Friday, May 3, 2024

Art Speaks

I wonder if Beth Rudin DeWoody checks out New York City's annual NADA show?  Thom and I first caught it on Governor's Island several years ago.  Like the SPRING/BREAK Art Show, it's a great place to discover new talent.  

With her kind of money, I would have added these beautifully composed oil paintings by Will Yackulic to my collection.  Apparently, they represent a different direction for the California-based artist; parenthood has forced him to go smaller.





It's pretty obvious I have a bias for figurative art

"Annie" by Sung Jik Yang (2024)
. . . but I'm a sucker for a little stylization, too.  Stacey Leigh was born the day I turned 18.

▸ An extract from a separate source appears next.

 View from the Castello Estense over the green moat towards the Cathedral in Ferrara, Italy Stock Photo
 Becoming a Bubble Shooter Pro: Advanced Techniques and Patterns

"Wind in her hair, not a care, as Morty and Mint look on in dispair" (2024)
This work recalls scenes (and frauleins) from early childhood.

"Ascension" by Claire Milbrath (2024)
"Projector" by Russell Banx (2024)
Marc Dennis ups the realism ante.

"Garden of Earthly Delights" (2023-24)
"Garden of Earthly Delights" (detail)
Comics and fantasy are two genres that don't get enough respect in the art world.  I greeted these knitted works by Megan Dominescu with LOLs.


This one would have been perfect in Nuremberg's Smile Hotel!


I was a little surprised that the dealer representing Rebecca Morgan didn't acknowledge both R. Crumb and Aline Kominsky  as influences.



"Hidden Idols," a series of fantasy works by Hydeon, a Brooklyn artist who clearly knows a thing or two about post modern branding, reminded me of Bruegel, one of my favorite artists in his depiction of lots of people doing (sometimes odd) things.



Ryan Steadman delivers just the right amount of abstraction.

"Messy Bun" (2023)
It's typically been my experience to be ignored by young women working in galleries.  But I got an earful from the bored gallerista representing Rachael Tarravechia, whose emotion-inflamed work incorporates rhinestones.  She sounded as if she had just gotten her master's degree in pretension, oops I mean art criticism.  Is there such a thing as "womansplaining?"
  
"Winter Song" (2024)
"Vampire Hunter" (2023)
I'll shut up now and let the other art I liked speak for itself.

"El volume de 5 golones" by Salvador Dominguez (2024)
"Road Rage" by Inagaki (2024)
Unidentified Work by Kirsty Budge
"Polychromatic: Horizon 1" by Luftwerk (2024)
Unidentified Sculpture by Soojin Choi
Unidentified Fiber Sculpture by Paul Latislaw
Unidentified Sculpture by Ling-lin Ku
"Promise" by Celia Eberle (2022)
"Street Amulet-dog man" by Hiroko Kubo
Unfortunately, I didn't get all the artists' names.  I spent quite a bit of time dishing the Whitney Biennial with a septuagenerian lesbian artist who has been exhibited at the Leslie Lohman Museum and really seems ripe for re-discovery.


Apparently, storm chasers can be artists, too.  The eerie TV-light coloration in this series is as menacing as the funnel clouds.


NADA's emigration from Governors Island to Chelsea provided views of a different sort


. . . including a slivered Manhattan


and a striking old/new architectural contrast.